- Exercise instructions: After locating the line with "Aventuras prehistóricas: ilustración" below, output it and each following line exactly, stopping after the line with "PAAREN IM GLIEN, ALLEMAGNE". No pictures.
[Input records Boundary: Start]
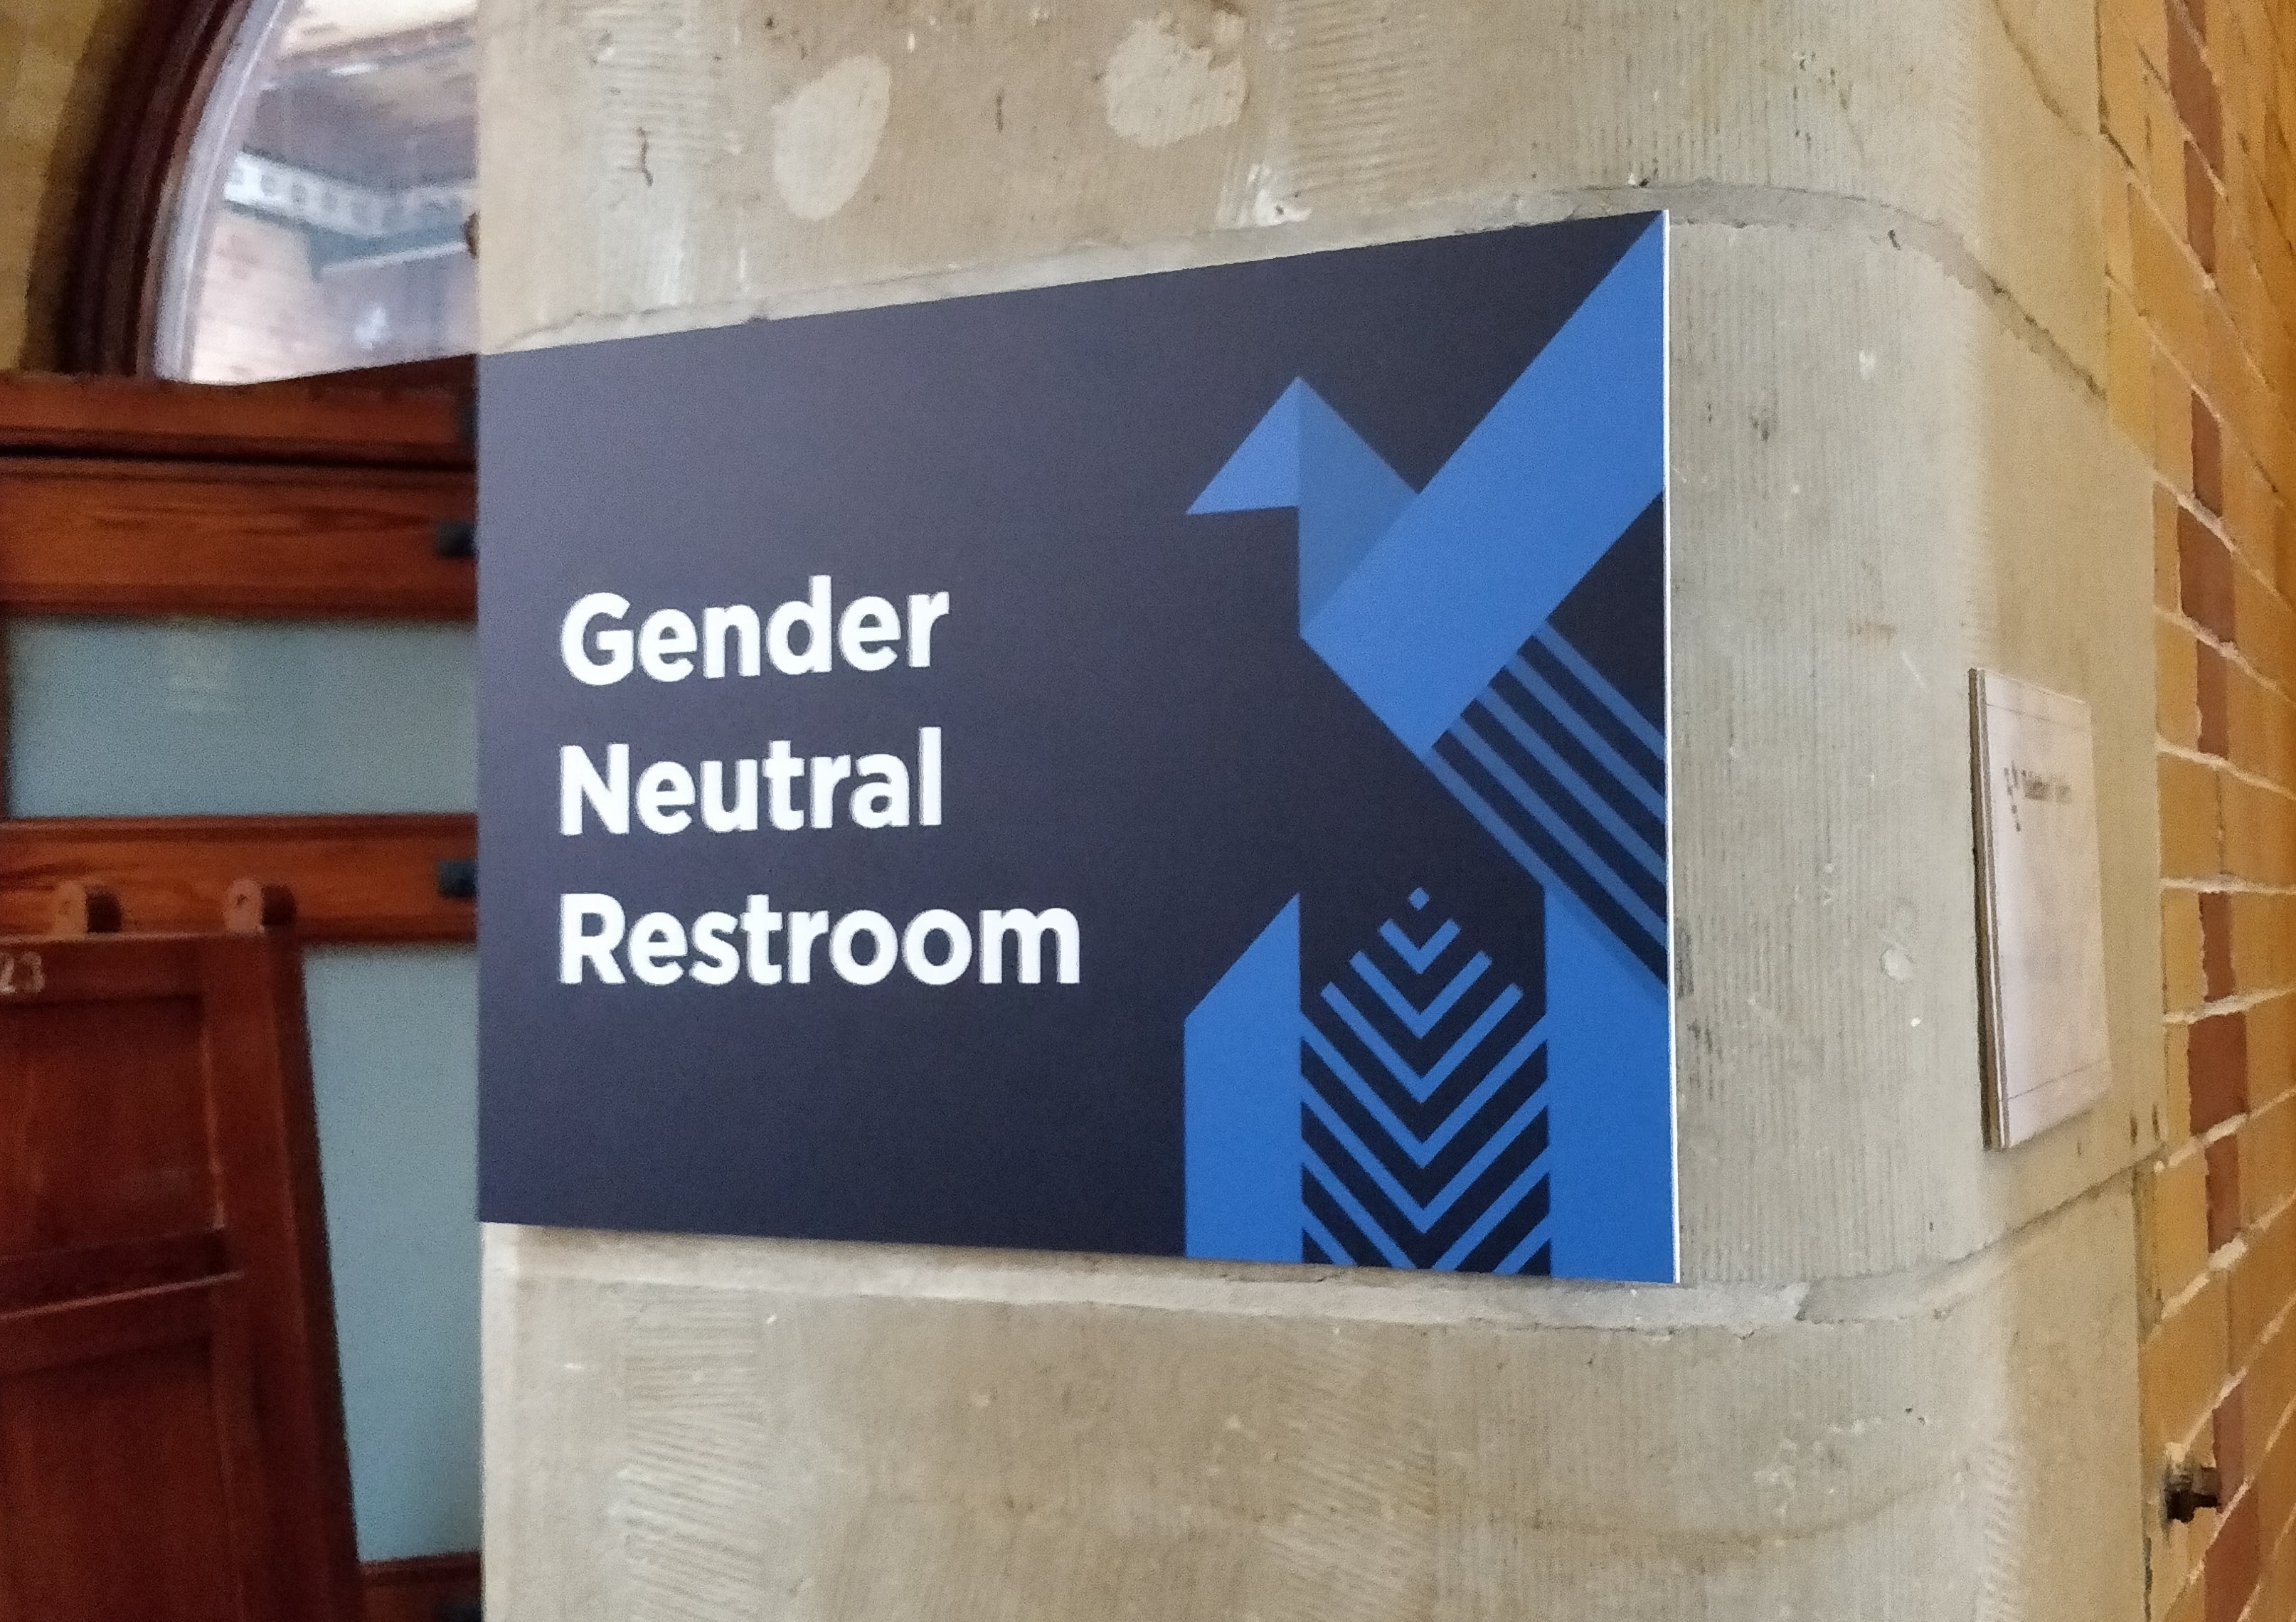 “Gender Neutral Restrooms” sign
[Input records Boundary: End]
[Input records Boundary: Start]
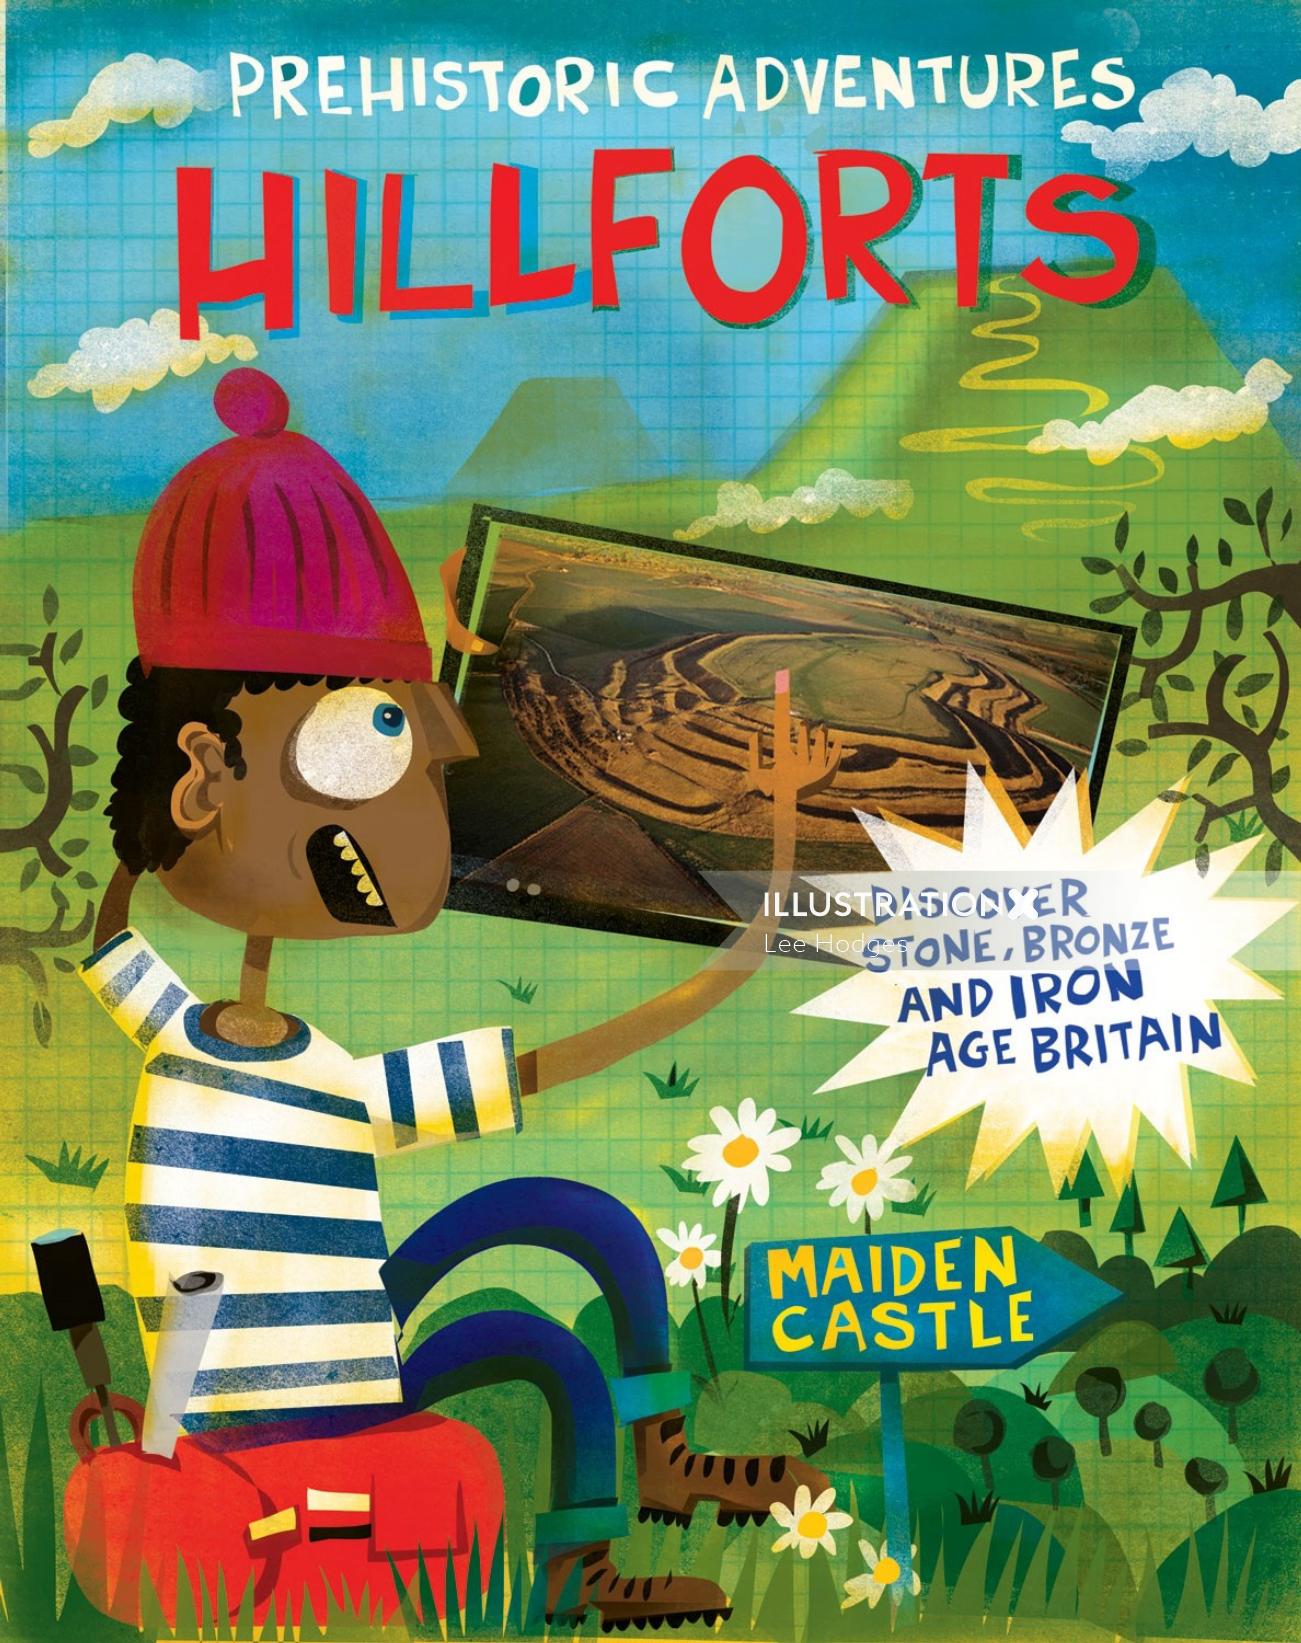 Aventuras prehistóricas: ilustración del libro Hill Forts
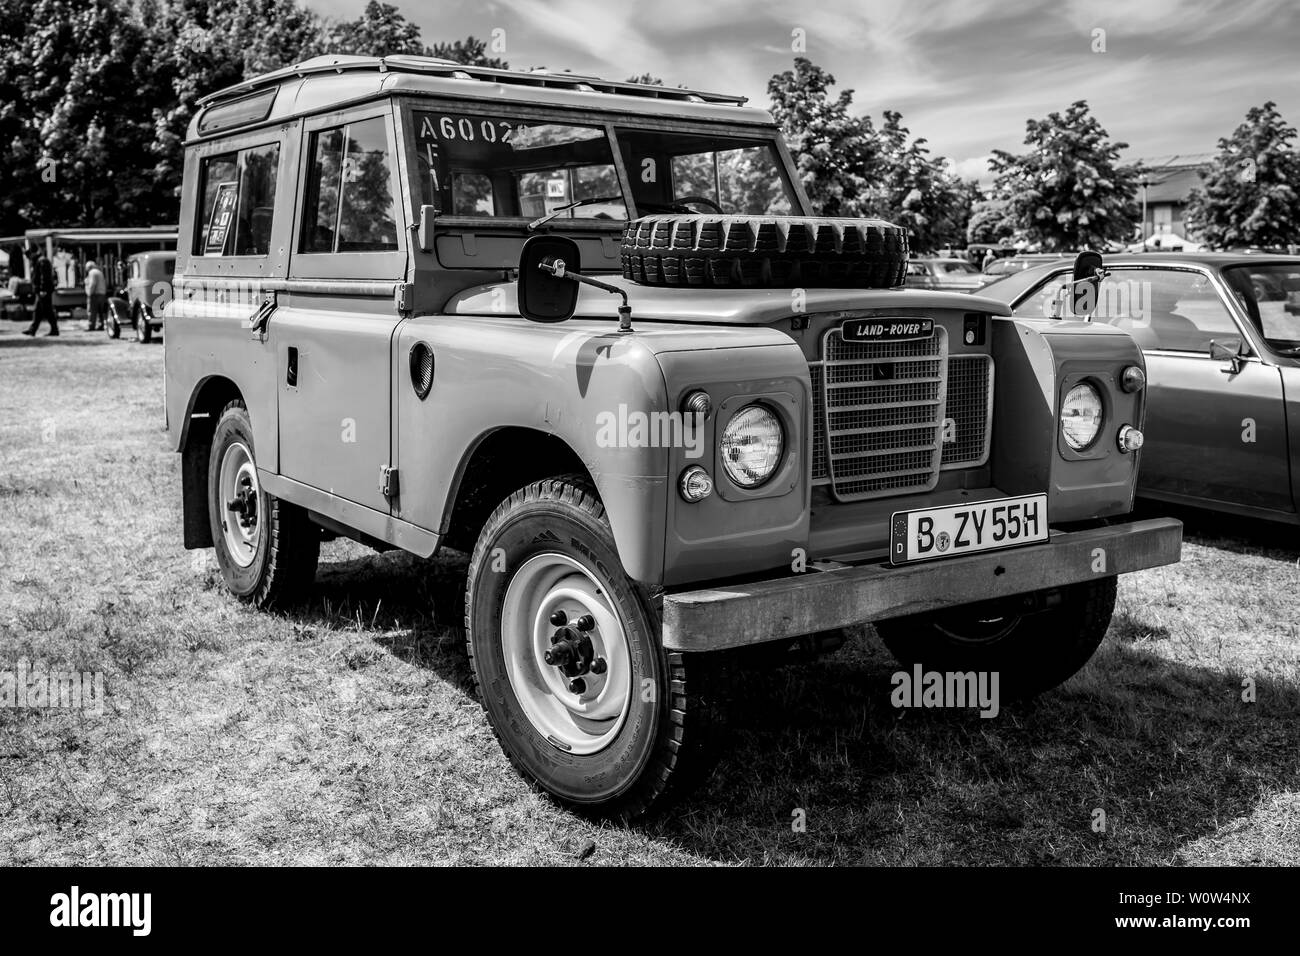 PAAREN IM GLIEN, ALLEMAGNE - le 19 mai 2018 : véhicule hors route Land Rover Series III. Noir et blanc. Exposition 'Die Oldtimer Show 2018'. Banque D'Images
[Input records Boundary: End]
[Input records Boundary: Start]
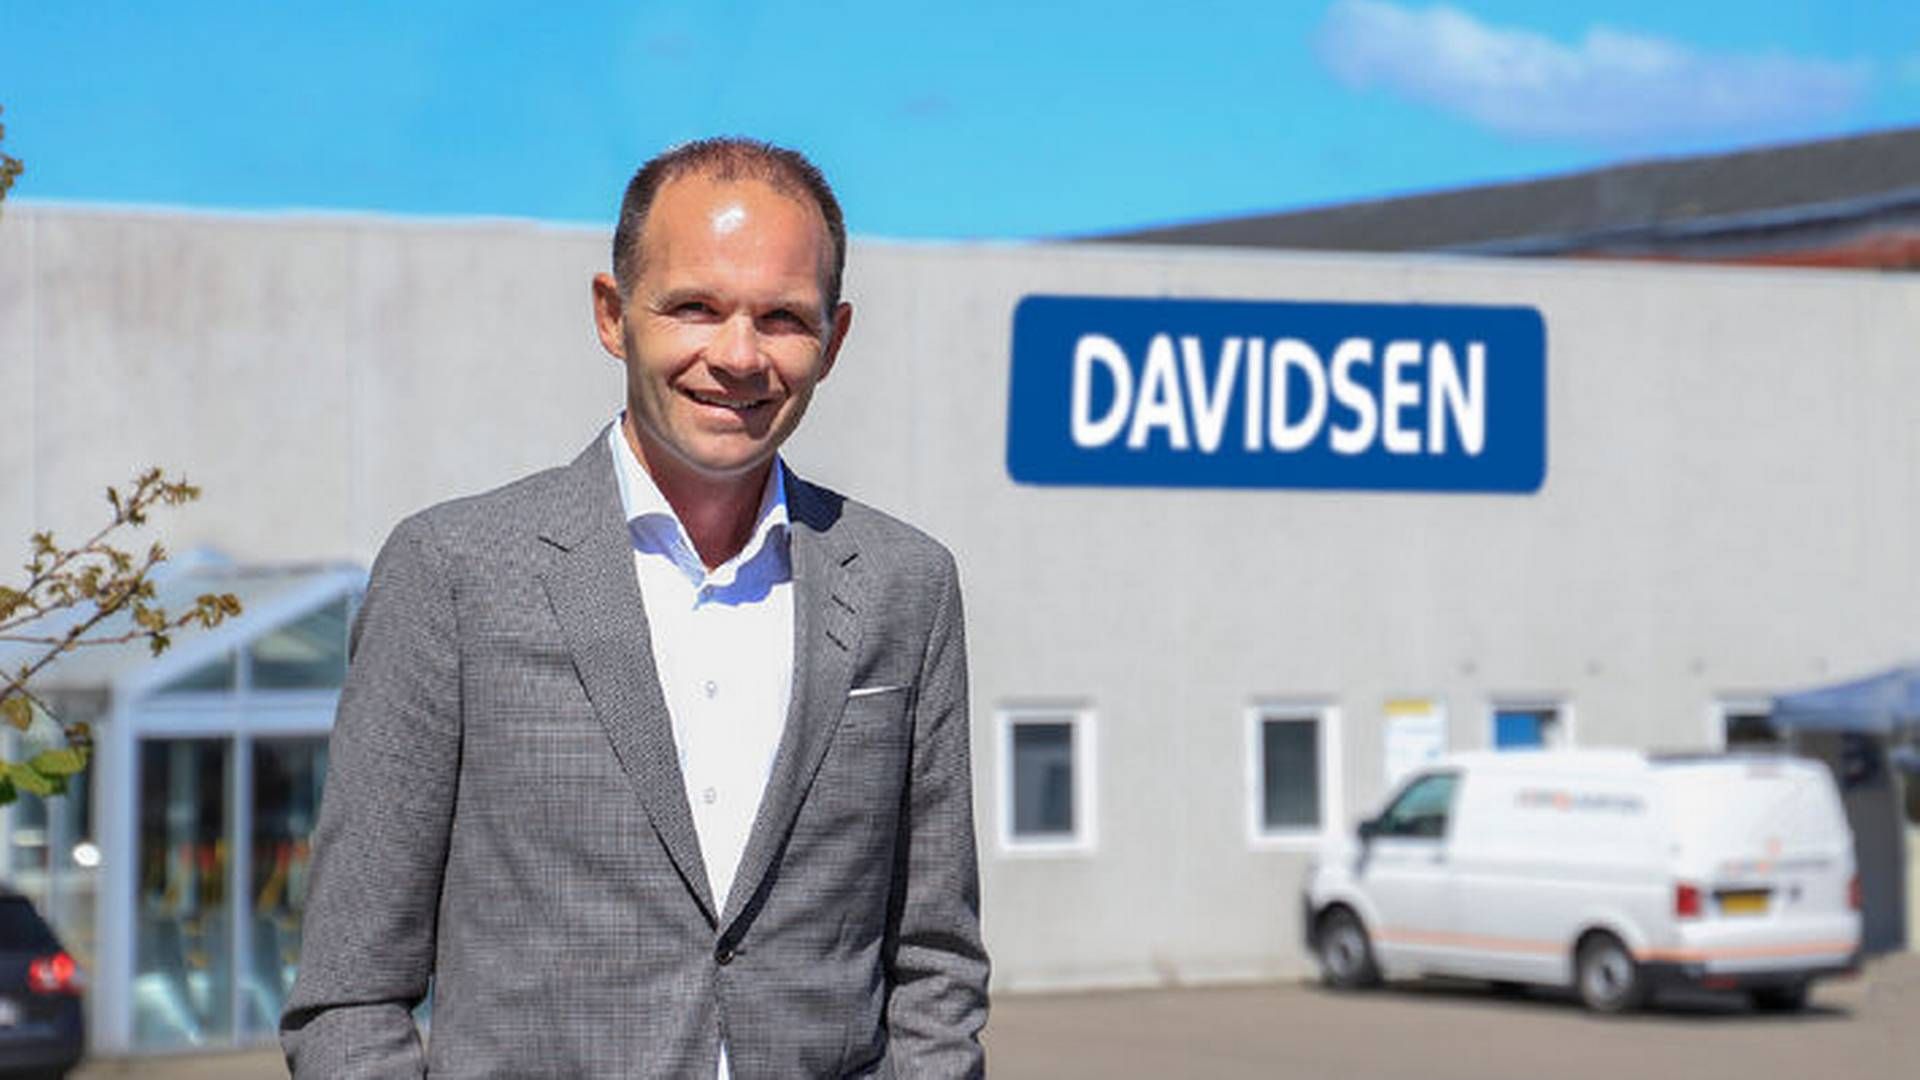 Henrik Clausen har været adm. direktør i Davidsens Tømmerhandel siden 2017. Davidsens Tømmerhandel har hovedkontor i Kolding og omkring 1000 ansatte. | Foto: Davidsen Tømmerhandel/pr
[Input records Boundary: End]
- Output for this exercise:
 Aventuras prehistóricas: ilustración del libro Hill Forts
 PAAREN IM GLIEN, ALLEMAGNE - le 19 mai 2018 : véhicule hors route Land Rover Series III. Noir et blanc. Exposition 'Die Oldtimer Show 2018'. Banque D'Images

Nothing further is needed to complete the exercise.